#### [GOAL OF THE EXERCISE]
Please copy out the entries below exactly, beginning with the line that contains "Richard - Hard Hat Sticker" and ending with the line that contains "Eine junge lehnt", and include nothing outside that span.

#### [MATERIAL FOR THIS EXERCISE]
Content starts
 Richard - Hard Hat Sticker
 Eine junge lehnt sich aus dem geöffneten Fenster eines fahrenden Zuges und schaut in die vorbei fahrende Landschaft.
Content ends
Content starts
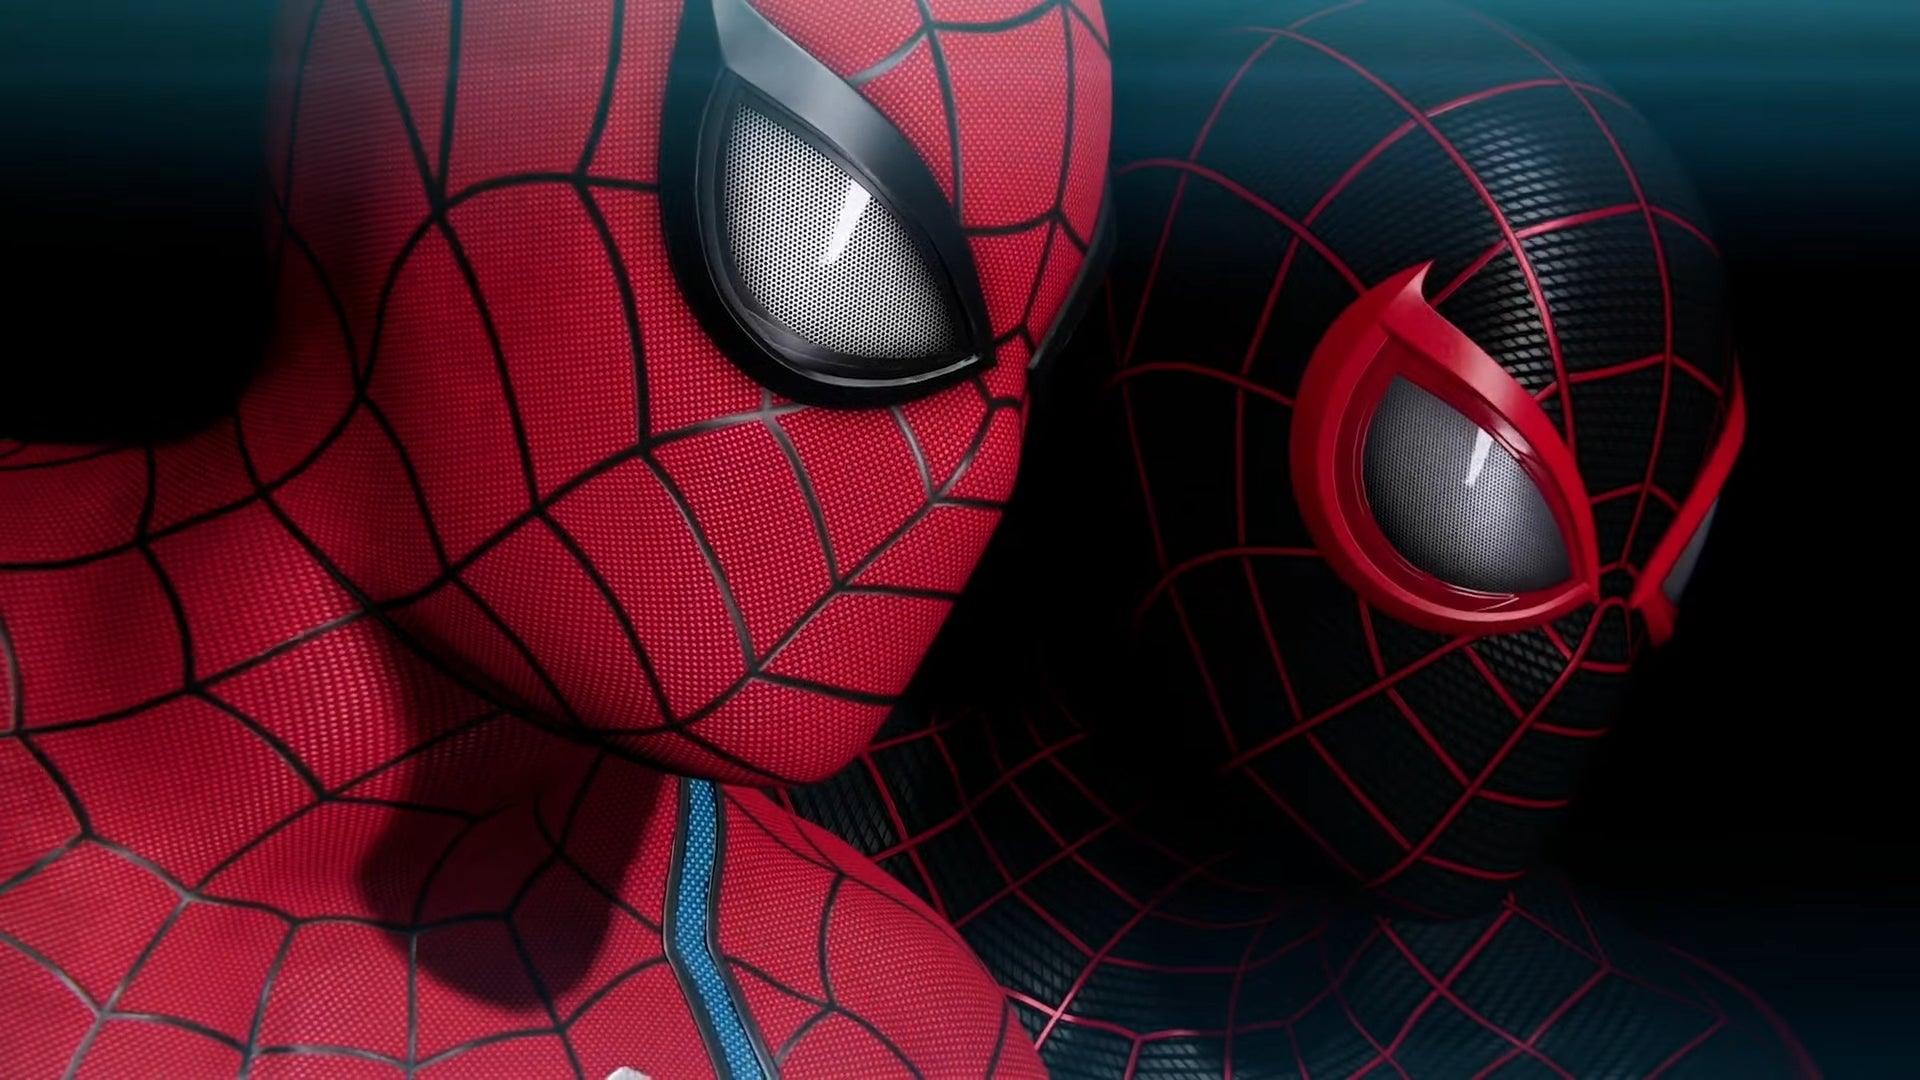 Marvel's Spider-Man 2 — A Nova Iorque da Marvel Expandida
Content ends
Content starts
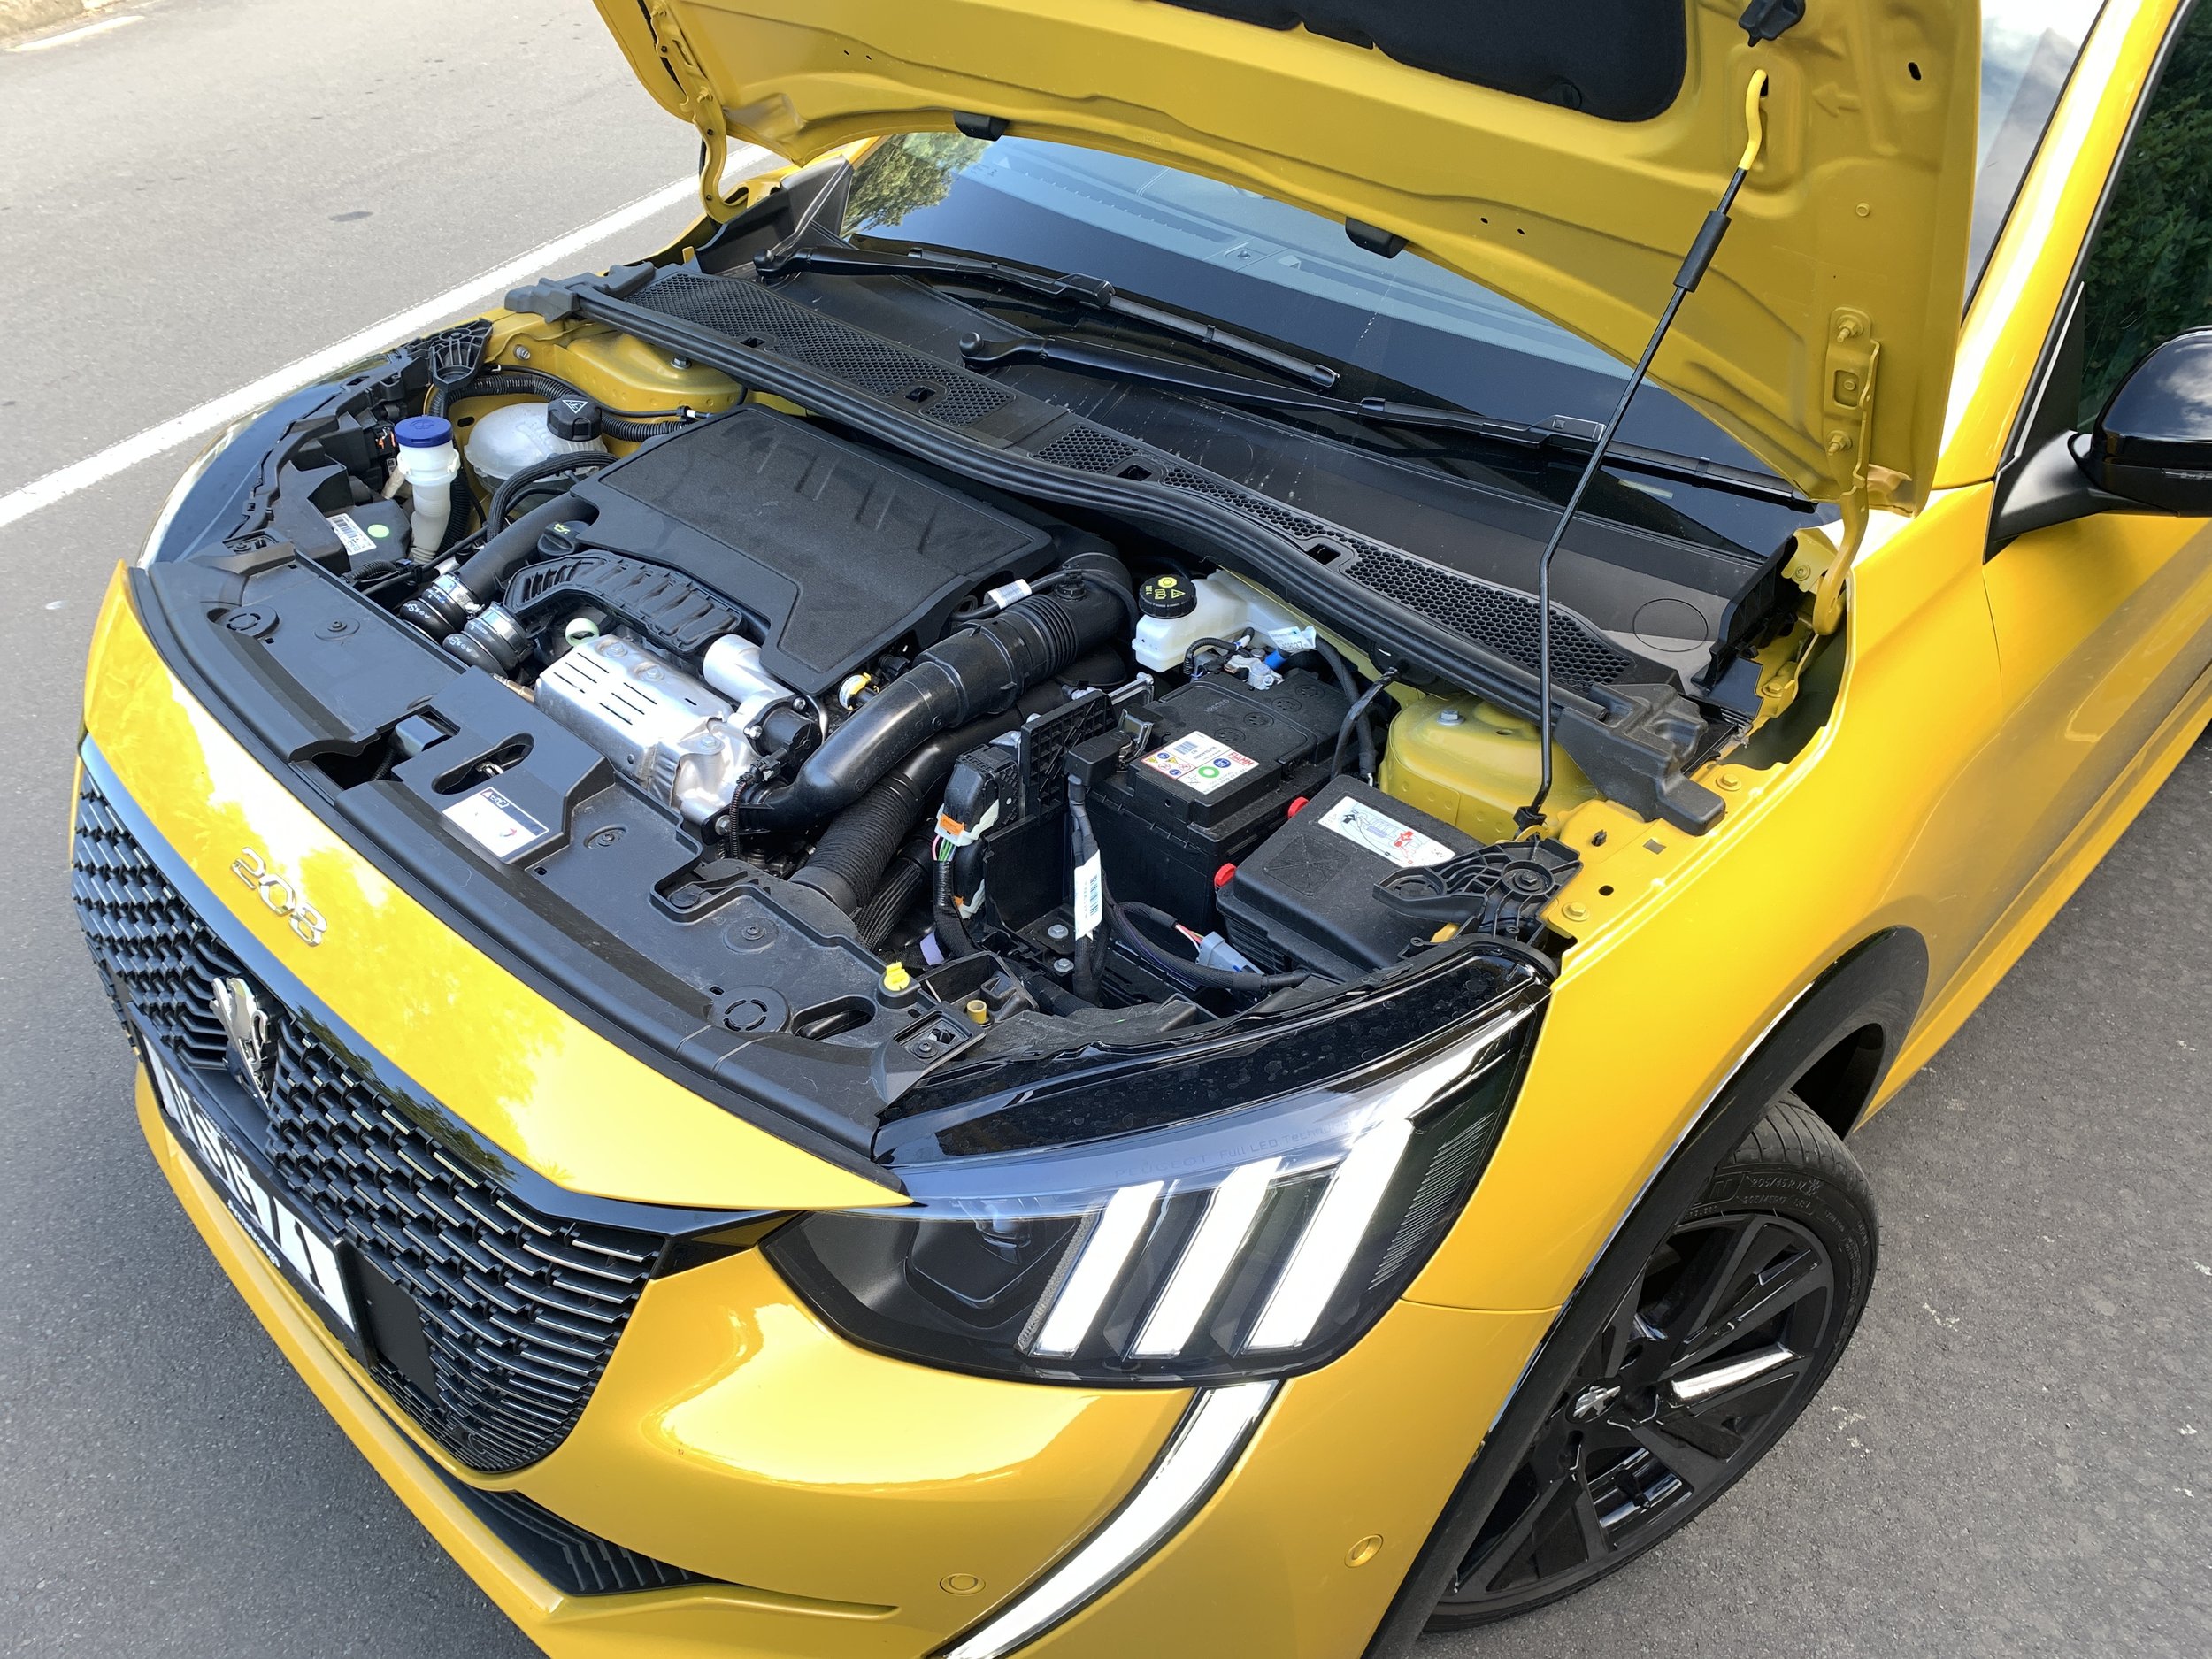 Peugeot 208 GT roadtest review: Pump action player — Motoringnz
Content ends
#### [RESULT OF THE TASK]
 Richard - Hard Hat Sticker
 Eine junge lehnt sich aus dem geöffneten Fenster eines fahrenden Zuges und schaut in die vorbei fahrende Landschaft.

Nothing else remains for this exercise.